Furthermore, the phrase ‘any action taken in pursuance of any power conferred by or under this Act’ under Section 34 is not boundless and its scope is considered to be limited by various judgments. In Mardia Chemicals it was held that if the actions of secured creditors are untenable, fraudulent or apparently absurd, then the jurisdiction of civil courts can be invoked. Thus, DRT can only deal with issues that are remotely incidental or connected to recovery of debts due to banks. Now, while this might include issues concerning, for example, the validity of the mortgage, the DRT by the aforementioned interpretation cannot adjudicate the questions of title of the property that was mortgaged. This is because it becomes a matter of individual/ independent claim.


Jurisdiction of DRT and Civil courts: not Overlapping but Adjacent


Taking the argument forward, as perceived in Meherangiz, the title disputes require a full-fledged trial which is not within the powers of the DRT. This observation was based upon the acknowledged fact that tribunals are not equivalent to civil courts. Hence, their jurisdictions do not overlap.


Further, it was appositely noted in Panda by the Bombay High Court that the jurisdiction of a tribunal must be confined by the legislature by necessary implication and cannot be over-broadened like the civil courts. Panda also stated that Allwyn Alloys did not concern itself with the extent of jurisdiction of DRT in the true sense. However, in actuality when the apex court allowed the DRT to adjudicate the title dispute between the parties, it erroneously overlapped its jurisdiction with that of the civil courts.
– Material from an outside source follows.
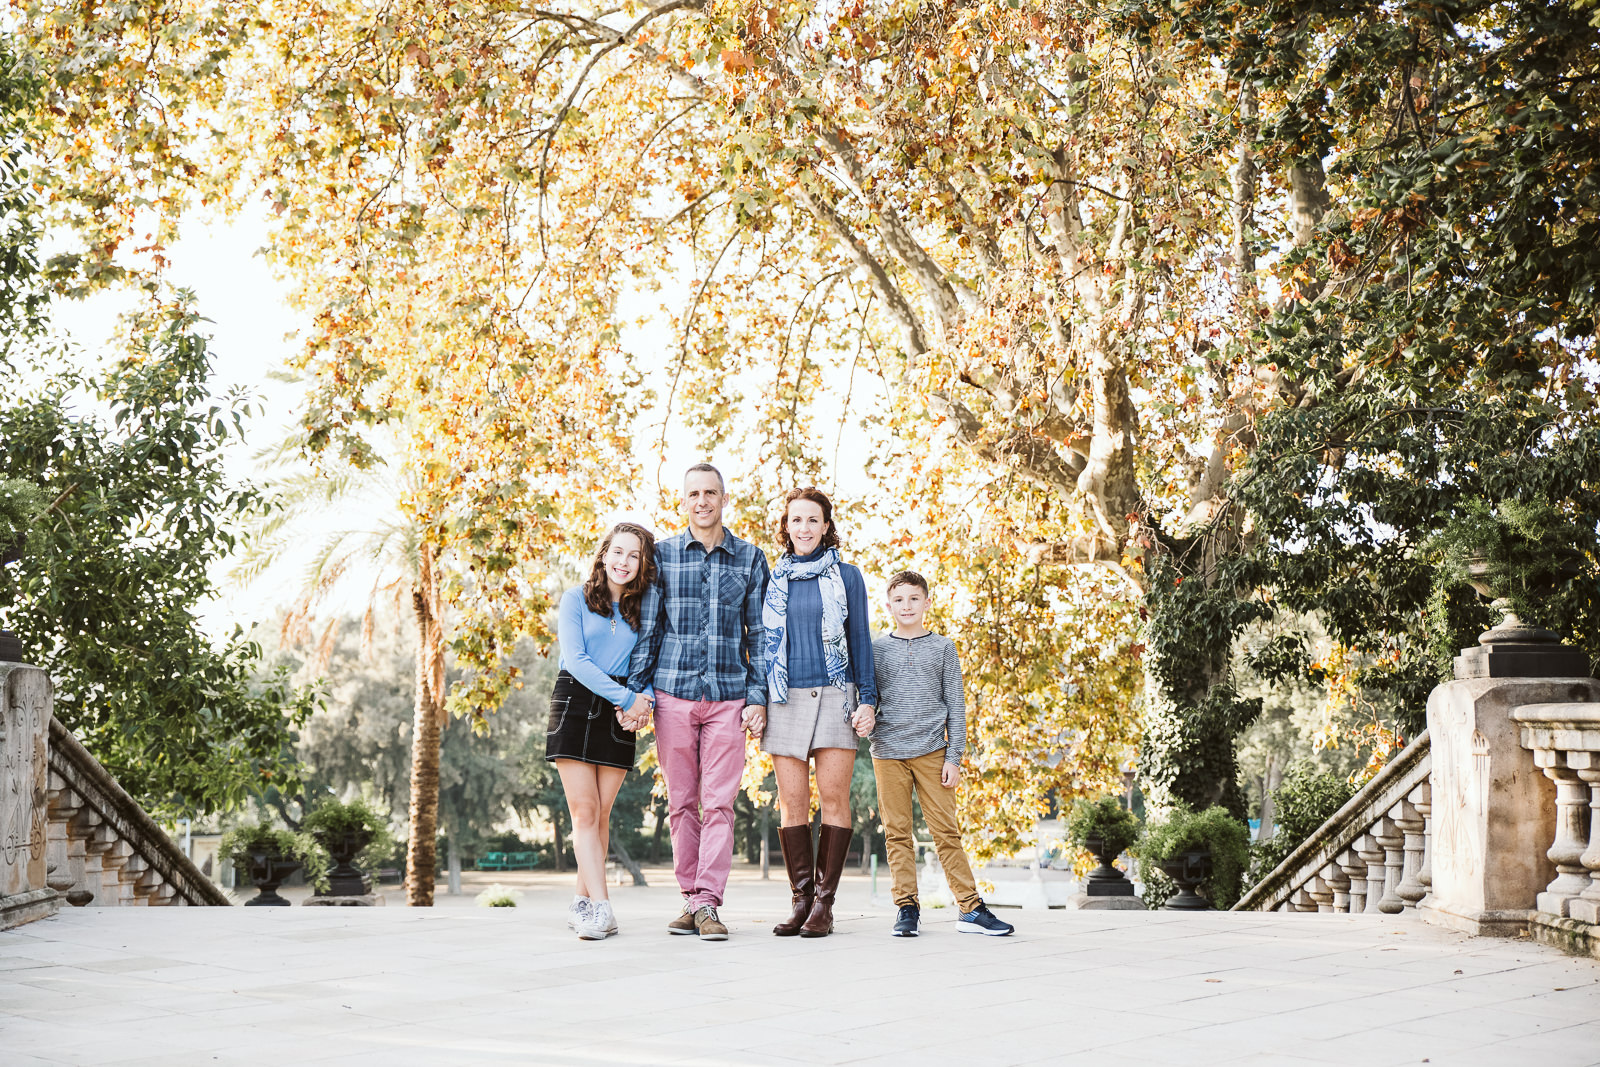 Family photo session in Ciutadella Park and El Borne district

The difference between civil courts and the DRT was observed in Nahar Industries Enterprises Ltd. v HSBC (2009). The DRT and DRAT cannot be approached by individuals unless the first action is taken by banks, which is clear from the jurisdictional provisions of the SARFAESI Act. Further, the DRT is not empowered to pass decrees and it cannot pass interim orders without circumspection. Lastly, the procedures of the Evidence Act and the Civil Procedure Code like cross examination, discovery of documents, detailed examination etc., are not to be mandatorily followed in proceedings before DRT - in line with its purpose of a speedy trial. These differences make it indispensable to refer the important independent matters, like title disputes, to the civil courts where proper trial can be carried on.


More importantly, this authority of civil courts for deciding the rights of parties as individual claims does not present itself as contrary or alternative to the remedy provided through the DRT. Instead, it operates as a different part of a single remedy where the rights and entitlements are decided by the civil courts as the first step and thereafter the reconstruction or enforcement proceedings are carried on in the DRT.


Even so, the apex court in Transcore v. Union of India 2006 held that the doctrine of election which requires choosing one remedy over the other applies only in case of inconsistent or repugnant remedies. Therefore, since the civil courts and the DRT can operate side by side, there is no case of one’s jurisdiction being turned down to uphold that of the other.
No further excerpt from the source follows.